The path of least resistance for XAUUSD is to the downside
EURUSD has been losing ground for the fourth day in a row already. The pair attempted to erase intraday losses in recent trading but was rejected just below the 1.1720 area and got back under the 1.17 handle. As long as this level acts as resistance, the risk of a more aggressive retreat remains high. Now, as the common currency is threatening fresh late-July lows, the 1.1670 region is in market focus as a break below it will pave the way toward 1.1640. On the upside, the euro needs to stage a decisive recovery above 1.17 to shrug off the current downside pressure. Meanwhile, the key barrier for bulls is represented by the 20-DMA that arrives at 1.1825.
GBPUSD turned marginally higher on the day after a dip to fresh two-month lows earlier in the day. Despite the recent bounce, the bullish bias looks too modest to bet on a more robust and sustainable recovery, with downside risks persisting for the time being. The pair extended losses to 1.2675 and has settled around the 100- and 200-DMAs since then. A daily close relative to these moving averages would be important for the cable, as a firmer recovery above them would pave the way to 1.28. in a wider picture, the pound needs to get back above the 20-DMA around 1.3040 that has been acting as resistance for nearly two weeks already
USDJPY continues to climb from six-month lows registered around 104.00 on Monday. The pair has exceeded the 105.00 handle in recent trading, challenging one-week highs around 105.20. If the buying pressure surrounding the greenback persists, and risk sentiment remains positive in the short-term, the pair could retarget the 20-DMA once the mentioned highs turn into support. On the four-hour timeframes, USDJPY looks neutral as long as the prices stay between the 20- and 100-SMAs. Meanwhile, the daily RSI is pointing north, suggesting the pair will preserve its bullish momentum for the time being.
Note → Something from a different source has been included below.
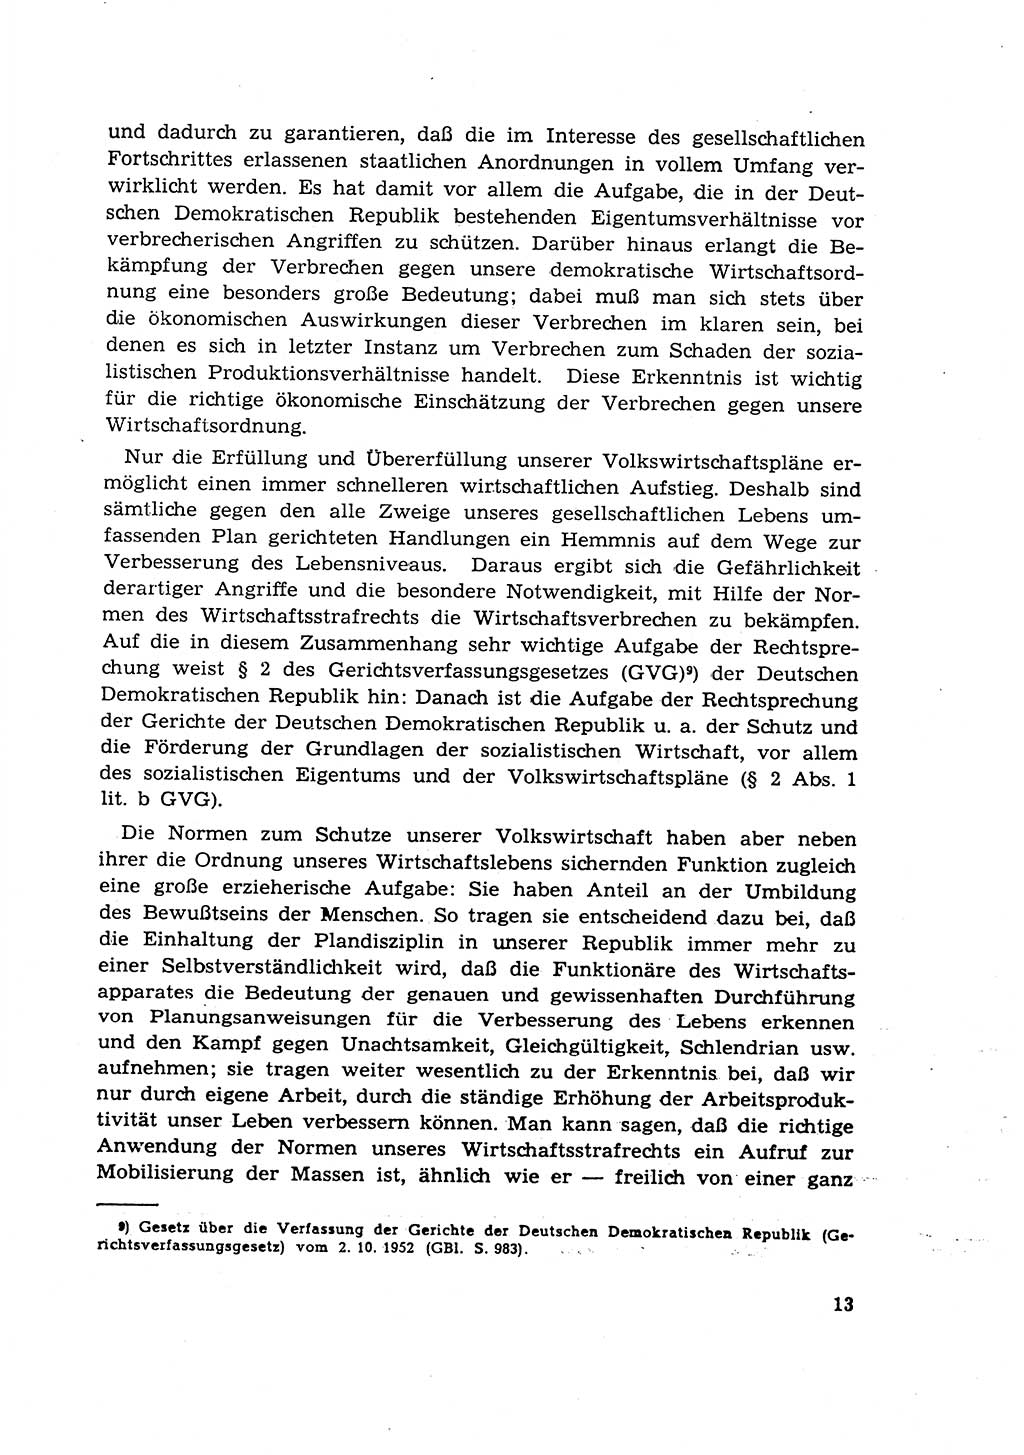 Materialien zum Strafrecht, Besonderer Teil [Deutsche Demokratische Republik (DDR)] 1955, Seite 13 (Mat. Strafr. BT DDR 1955, S. 13)

Gold prices keep edging lower since Monday, dipping to $1,873 earlier during the European hours. The precious metal managed to trim losses marginally since then but the pressure remains too strong to expect a reversal in the short term. If the prices fail to hold above the $1,862 handle where the August 12 low lies, the bullion will target the 100-DMA around $1,842. On the upside, the immediate resistance now arrives at $1,900, followed by $1,937 where the 20-DMA arrives. As long as gold remains below this moving average, the path of least resistance is to the downside. In a wider picture, the prices are nearing the 20-SMA in the weekly timeframes. A break below this level that comes around $1,850 could trigger a more aggressive retreat from all-time highs registered in early-August.
The Kiwi keeps bleeding since the start of the week, correcting lower from early-April highs registered around 0.68 on Monday. The pair extended losses to nearly one-month lows in the 0.6580 area in recent trading and remains in the lower end of the extended range. In the short term, the prices need to recover above 0.66 to trim intraday losses. However, it looks like the New Zealand dollar will extend the current decline to fresh local lows before a reversal takes place. The daily RSI is pointing south but hasn’t entered the oversold territory just yet, suggesting the selling pressure could persist in the short term. Once below the mentioned lows, the pair will target the 0.6520 intermediate support, followed by the 0.65 figure last seen on August 20.